North Korean anti-tank missile family

The Bulsae ATGM（불새）is a family of anti-tank guided missile (ATGM) systems developed by the Democratic People's Republic of Korea, commonly known as North Korea.

==History==
===Bulsae-2===
North Korea is said to have acquired a number of 9K111 Fagot systems in the late 20th century. These were subsequently reverse-engineered and given the designation Bulsae-2.

===Bulsae-3===
The Bulsae-3 was advertised as the AT-4MLB by North Korean proxy company GLOCOM. In their brochure it was stated that it is controlled by laser beam guidance method.

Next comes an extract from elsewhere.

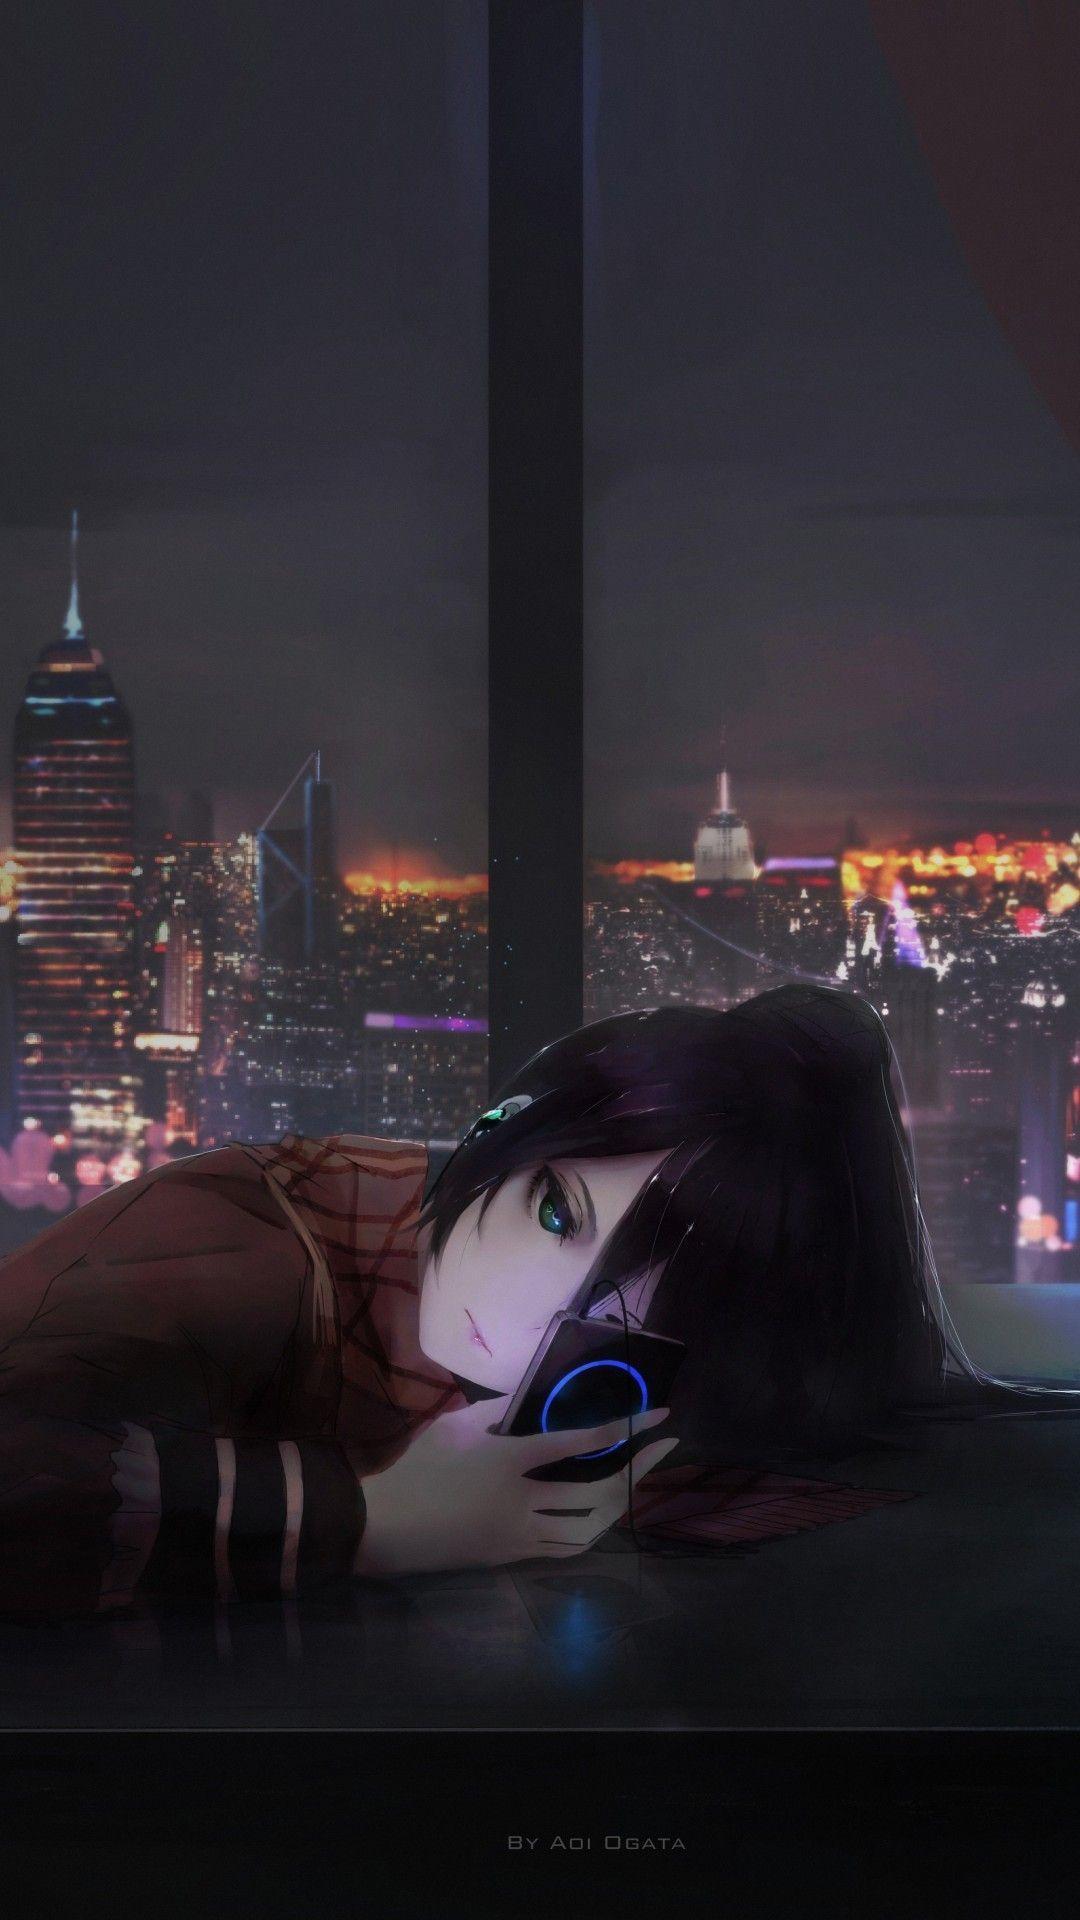 Depressing Anime Wallpapers - Top Free Depressing Anime ...

The Chonma-216 variant of the Pokpung-ho main battle tank (MBT) has been seen fitted with Bulsae-3, which a source alleges to have been derived from the AT-14 Spriggan.

The 2020 Cheonma-2 MBT prototype has the Bulsae-3 as secondary armament. It is said to be reversed engineered Soviet/Russian 9K111 Fagot or 9M133 Kornet missiles.

However, the diameter of the ATGM launchers appears to be 150 mm like the 9M133, rather than 120 mm of the 9K111 and may thus have a higher penetration.

===Bulsae-4===

Eight-tube launcher mounted on a M-2010 6×6 APC chassis.

The system is analogous to Israel's Spike-ER, China's ATF-10 and Serbia's ALAS multi-purpose wire-guided missiles.

===Bulsae-5===
The Songun-915 variant of the Pokpung-ho series of tanks has been seen fitted with Bulsae-5, which a source alleges to have been derived from the 9M133 Kornet.

== Deployment ==
The first international customers of the Bulsae-3 was reported in 2014 to be the Izz ad-Din al-Qassam Brigades and the Al-Nasser Salah al-Deen Brigades.

According to the South Korean National Intelligence Service, the Bulsae-4 was observed during the 2024–25 Kursk offensive, though it is unclear if they are used by Russian or North Korean troops.